Reynolds:I will just reemphasize one point. Yes, you want to make sure you minimize all of the heat sinks on the overhead line. I recommend you do regular infrared scans or thermography and look for hotspots. Do that annually, quarterly, or some other frequency, which is especially important after a turnaround. Make sure you get a high-quality baseline infrared scan so you have a baseline of where you started. I think the dew point in the overhead vapor lines is also 600-700° F., or so. You want to make sure you stay well above that temperature.

Jawad: There are a lot of technology options available to help you minimize coking. It is really difficult to measure pressure drop across the vapor line. Typically, you are limited to instrumentation measuring single pressures, and you then have to subtract those pressure measurements. Obviously, you can take pressure at the top of the plenum, but on the main fractionator, you may not have a spot. So you might want to think about having some dedicated tubing, if it is not short, to have an actual differential pressure (DP) at the top of the level bridle to get a downstream pressure.

Wells: The actual question stated that the main fractionator inlet was the concern. I did not write the question, but we have a similar concern. It is not on the line itself; it is only right where it goes into the fractionator, in the dead spot. The line comes in from the side and elbows into the main fractionator. On the inside of that sweep, there is a dead spot that tends to build up coke, which breaks off and fills up the bottom of the main fractionator.

Does anyone have an answer as to why that occurs? Also, has anyone else seen coke buildup in the same location? Obviously, someone else submitted this question.

Letzsch: It is not uncommon to actually get a donut around the inlet to your main fractionator. In our old units I have seen areas where we have built up a 5-lb pressure drop across the donut. I think it has a lot to do with the velocity going into the main fractionator-whether it is too low or too high, or if it is sloped properly-and the insulation around it. Frankly, that has been addressed in old AFPM (formerly National Petrochemical and Refiners Association) transcripts.

I will just tell you about one even more interesting situation. You know, when you guys get your FCC units, you go to the licensor.
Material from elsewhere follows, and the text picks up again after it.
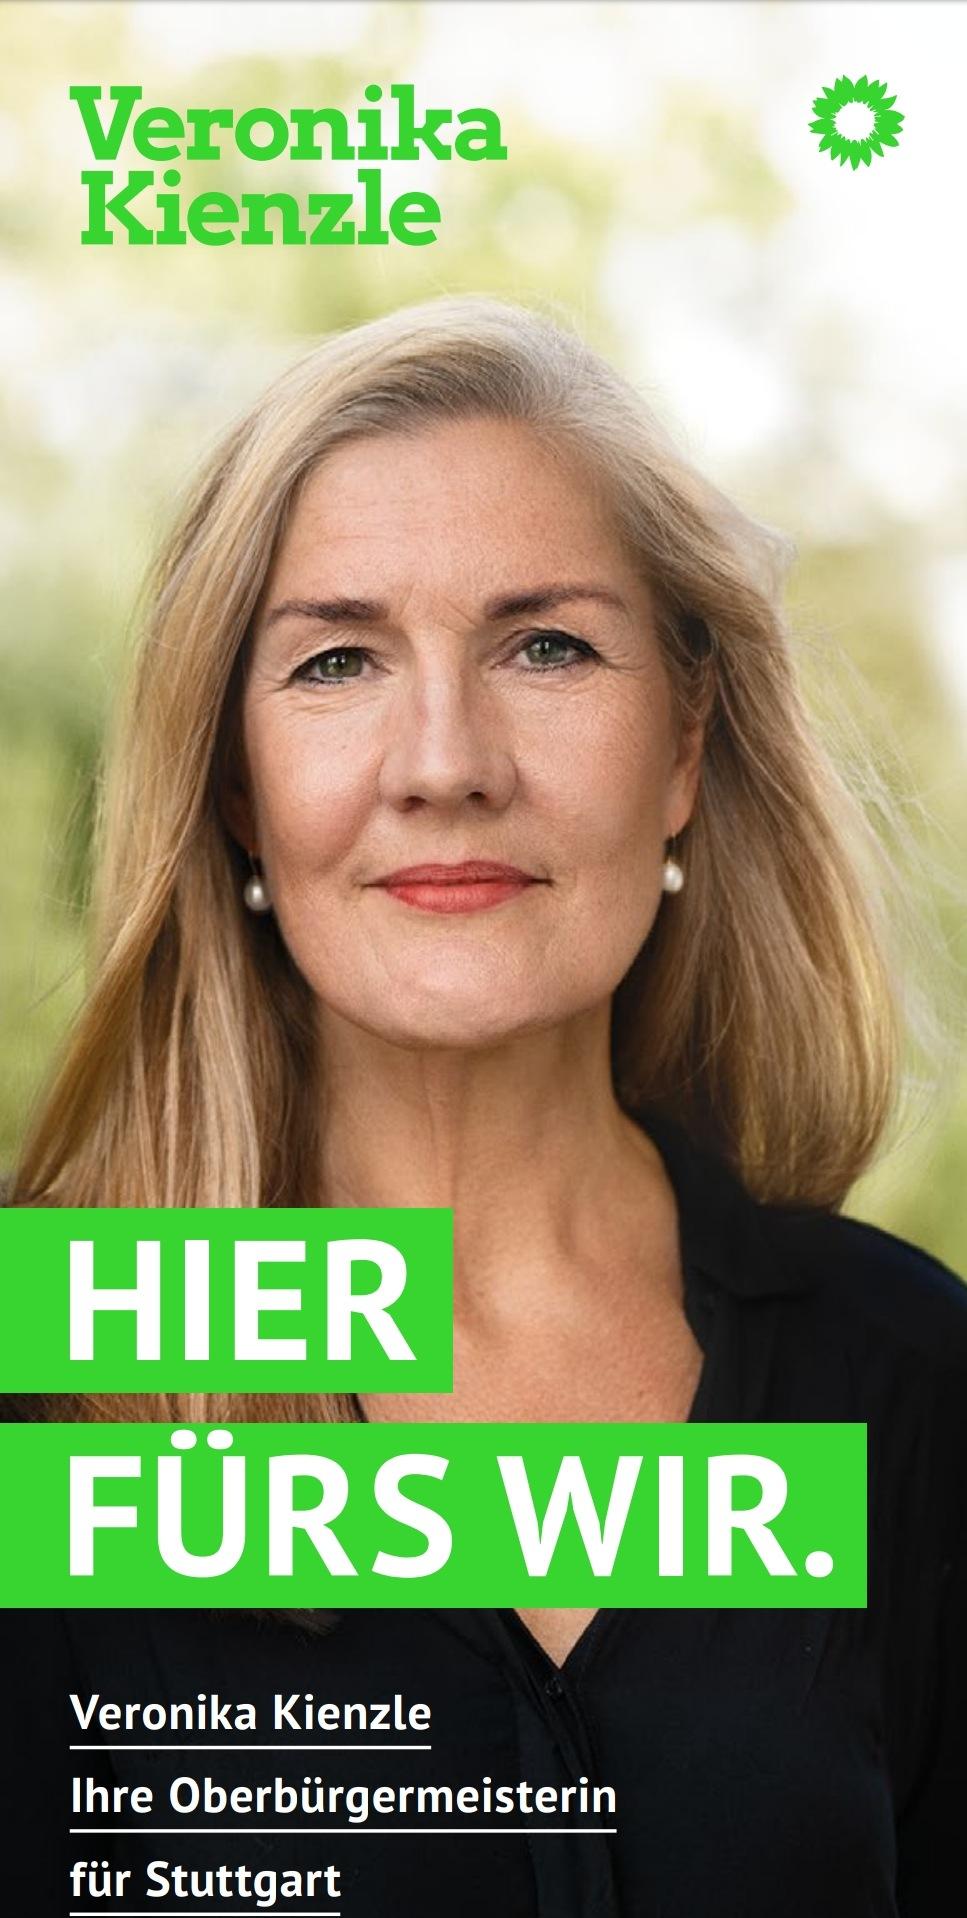 OB-Wahlkampf Flyer von Veronika Kienzle

He gives you a process design package, and then you go to the detailed-engineering company. You think the detailed-engineering company personnel are experienced and know what they are doing. Here is your reactor coming out with the main overhead vapor line, and you thought it would go into the main fractionator. But, oh, no! This guy from the detailed-engineering company was really clever. He brings the vapor line out, down, and around to the pipe rack. It went around and then came all the way back around to the back of the fractionator, and you ended up with about a 300-ft vapor line. And the guy was complaining about finding coke in it! These situations really do happen.

Russeff: I have seen a similar phenomenon right at the blind flange location on the tower where the coke tends to build up and then streak into the tower building, creating a good pressure drop. We had that same issue, which we ended up solving with a combination of steam rings and insulation to try and eliminate that particular spot during normal operations. It was quite a bit to chisel out, however. It was very oddly shaped because it had started at the flange and then worked its way into the tower, making horizontal stalactites on its way into the tower. Is that the same situation you saw?

Wells: We do not have a flange in that location, and we do not see stalactites.

Ludolph: We have seen a variety of coke formations pinching the main fractionator inlet, creating pressure drop between the top of the reactor and the top of the main fractionator. Shell did a review of what might have been contributing to the coke growth and concluded that velocity was a player. The ranking of the process parameters suspected as coke growth contributors, however, is quite site-specific. We have conducted computational fluid dynamics (CFD) analysis to better understand what might be occurring, but we are not satisfied with the results. Suspected locations and causes of pressure-drop increases are, many times, unconfirmed when entering the equipment during turnaround. Remediation and prevention of main fractionator-inlet coking remains a big area of learning for us.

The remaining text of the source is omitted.